Dietmar Demuth

Personal information
- Date of birth: 14 January 1955 (age 71)
- Place of birth: Querfurt, Bezirk Halle, East Germany
- Height: 1.85 m (6 ft 1 in)
- Position: Central defender

Youth career
- 1963–1967: TuS Osdorf
- 1967–1974: FC St. Pauli

Senior career*
- Years: Team / Apps / (Gls)
- 1974–1979: FC St. Pauli / 147 / (18)
- 1979–1983: Bayer Leverkusen / 92 / (14)
- 1983–1984: Kickers Offenbach / 15 / (0)
- 1984–1988: FC St. Pauli / 79 / (5)
- Total:  / 333 / (37)

Managerial career
- 1990–1992: FC St.
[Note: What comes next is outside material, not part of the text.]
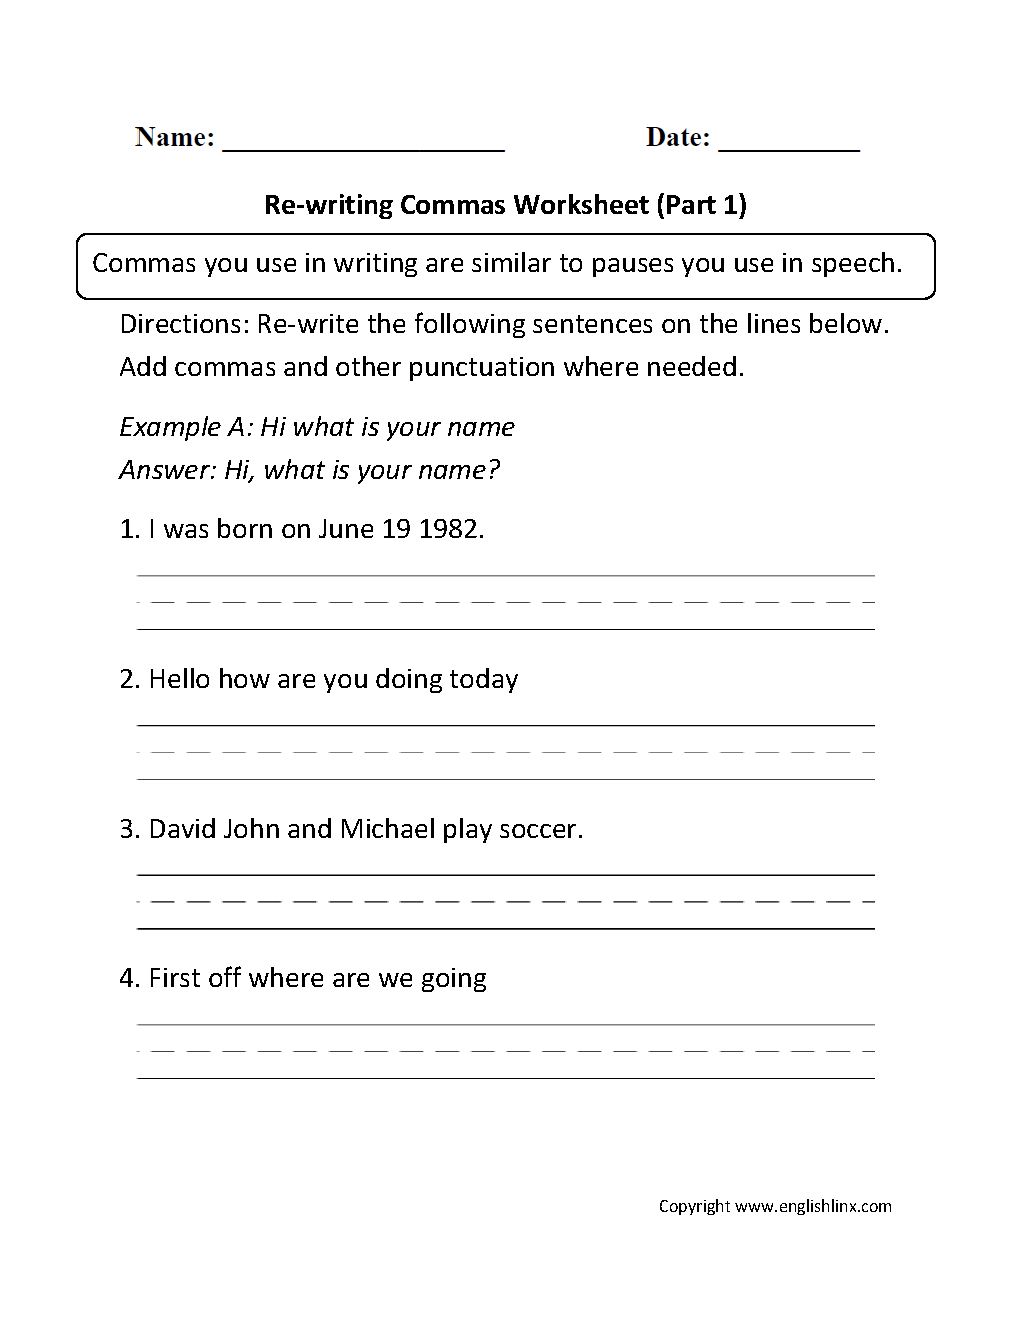 comma-practice-worksheet-db-excel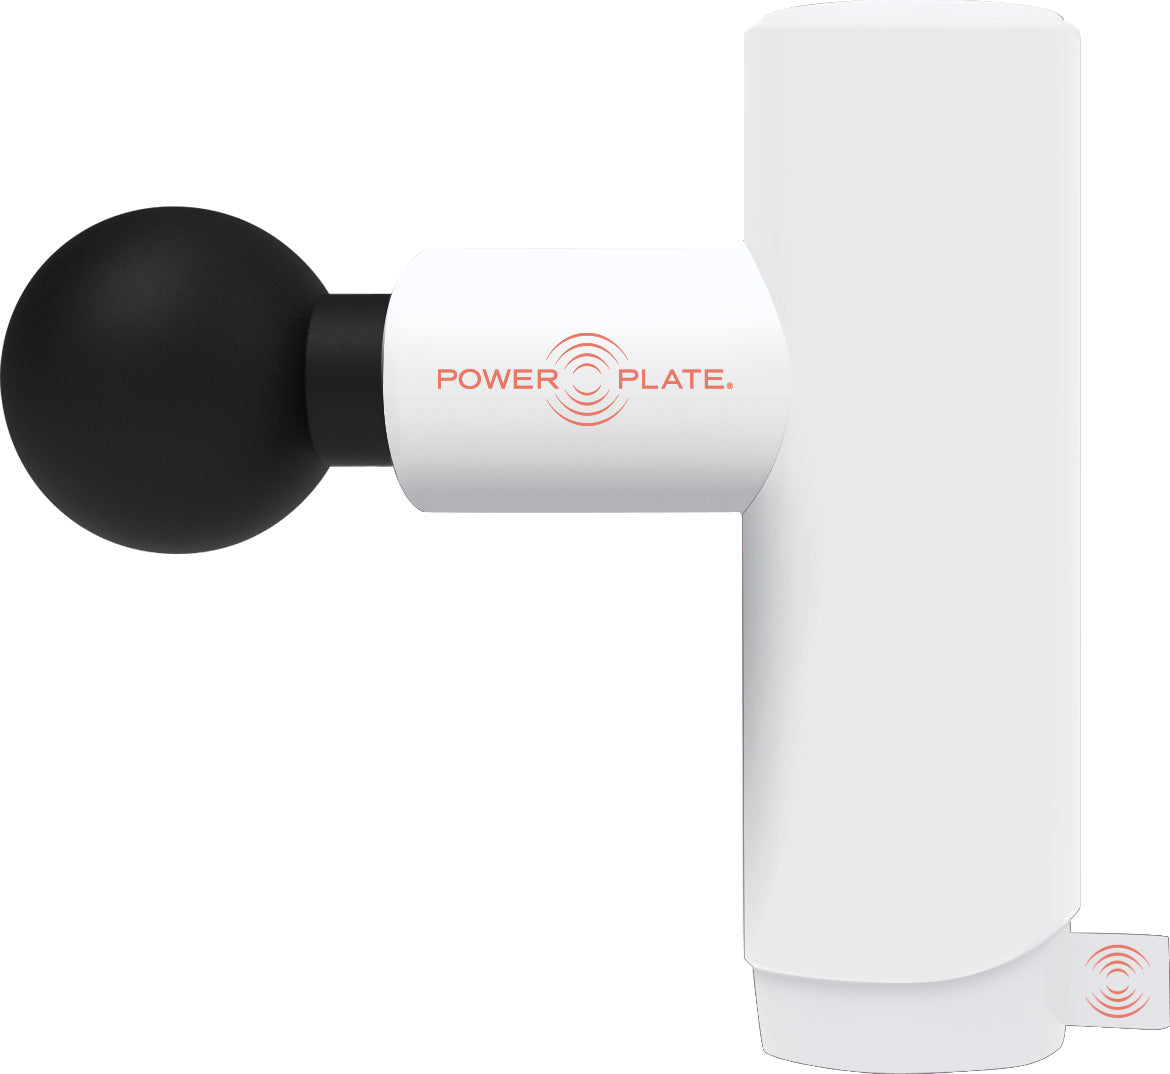 Power Plate Mini+ Massage Gun

Pauli II
- 1993–1995: SV Lurup
- 1999: FC St. Pauli
- 2000–2002: FC St. Pauli
- 2003–2004: Ashanti Gold SC
- 2005: Chemnitzer FC
- 2006–2007: Eintracht Braunschweig (assistant)
- 2007: Eintracht Braunschweig (caretaker)
- 2007–2012: SV Babelsberg 03
- 2013: FC Bergedorf
- 2014: Berliner AK
- 2014–2015: ZFC Meuselwitz
- 2016–2018: BSG Chemie Leipzig

= Dietmar Demuth =

German former footballer

Dietmar Demuth (born 14 January 1955) is a German former football player and manager. From 2016, he was the manager of BSG Chemie Leipzig.